Purpose of ActionsI would rather not address what should...


June 03, 1993

Purpose of Actions

I would rather not address what should be a purely intra-religious controversy in the secular forum of The Sun, but those who engaged in vandalism and trespassing at the Martin Marietta plant give me no alternative.

Civil disobedience actions -- particularly when cloaked in the name of Jesus Christ or Amos or Hosea -- depend for their legitimacy at least in part on accomplishing something.

Gandhi was jailed for making salt, Rosa Parks for integrating a bus, Thoreau for avoiding the war tax. In Central America, landless peasants seize and squat on unused farmland.

The pointless criminality, in contrast, engaged in by the Catonsville Nine and their spiritual heirs does not feed the hungry, clothe the naked, visit the sick -- or even spread the gospel.

Timothy H. Wright


Economic Lifeline

In a May 9 editorial supporting Baltimore's Central Light Rail Line, The Sun stated the importance of stemming auto pollution. Certainly, the 1990 Clean Air Act amendments mandate changes to our current transportation system. But is light rail the only wave of the future?

The Central Light Rail line has cost Maryland taxpayers $500 million thus far, and the figure will rise substantially with each proposed line extension. This does not include costs to operate the system. Our expectations of the light-rail system aren't inflated -- our financial burden is.

While The Sun contends that we shouldn't be overly concerned that only 25 percent of the projected 33,100 riders are currently using light rail, even at 100 percent ridership, the system is extremely expensive. Now is the time to explore new ways for funding cost-effective public transit lines.

At a recent meeting of northeastern states' transportation and environmental officials, it was agreed that a variety of transportation solutions would have to be used to meet environmental challenges.

In fact, even environmental officials conceded that better traffic management and auto emissions controls seem to provide the best opportunity for solving traffic congestion and clean air problems.

Whether we want to face it or not, the new employment centers in the Baltimore region are in White Marsh, Towson, Owings Mills, Hunt Valley and near BWI Airport -- the so-called "edge cities." Suburban commuting travel to and from suburban locations will challenge our transportation planners.

Our highways are our economic lifeline. Even if commuters are weaned from their cars, almost 100 percent of all freight and goods arrive at their final destination by road. Police, fire and rescue operations all depend on a good highway network to work effectively.

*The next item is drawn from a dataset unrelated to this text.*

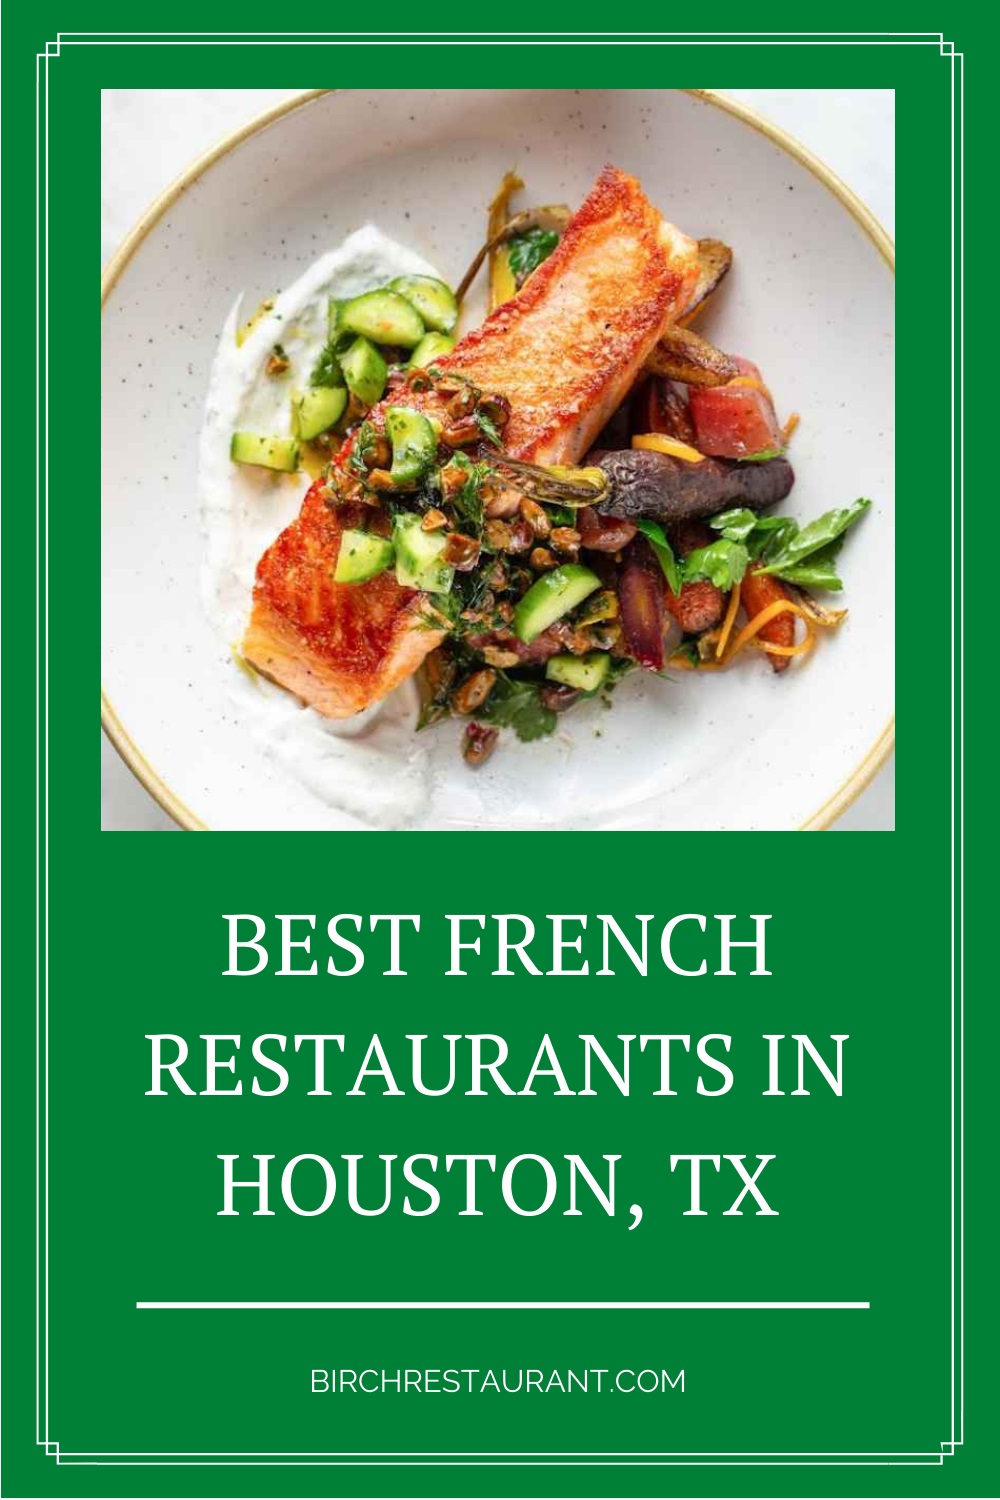 French Restaurants in Houston, TX

Last year, Marylanders agreed to fund entirely our state's share of the operation of the Washington Area Metropolitan Transit Authority, which includes the nation's most expensive subway system and a bus system. If we don't find additional ways to fund transit operations, our highway and other transportation systems will suffer . . . and so will we.

Robert Latham

Glen Burnie

The writer is executive director of Marylanders for Efficient and Safe Highways.

Doing Nothing

I am ashamed at this country's unwillingness or inability to take effective action against the Serbian conquest-by-atrocity in Bosnia-Herzegovina. The Europeans' contemptible hand-wringing is no excuse for our inaction. We are, supposedly, the last great power, but what is the use of power if we're utterly incapable of using it to end such a vicious slaughter?

When the crematoriums to burn the Muslims' bodies are set up in Serbia's Kosovo province next year or the year after, will we continue to do nothing?

Tim Cliffe


Most Pious

Your article "Belief in God found to be prevalent in 13 nations" (May 18) must be of great comfort to many readers, especially coupled with the fact that the United States is the most religious. There is a lot of self assurance and satisfaction in this type of fact.

What a paradox that a country that openly fosters abortion and homosexuality, leads the world in murders and production of pornography and allows Dr. Jack Kevorkian to roam its streets is the world leader in the belief of God and life after death.

Ernest Wessel Jr.


Marijuana Issue

As a "grass roots" activist, I wish to commend Jean Marbella for her balanced and comprehensive look at the marijuana-hemp legalization movement ("Grass (Roots) Revival," May 12). Rarely have I found an article on the marijuana-hemp legalization movement that covered all the bases, radical as well as mainstream, in such an unbiased manner.

However, I must point out one fallacy.

Mike Gimbel attributes the 1987 Amtrak crash in Chase to an engineer smoking marijuana. According to the engineer's own sworn testimony, "This accident was not caused by marijuana."

The engineer admitted he was drinking alcohol, eating, watching TV and generally not paying attention to his work. He also admitted responsibility for deliberately jamming the train's safety equipment.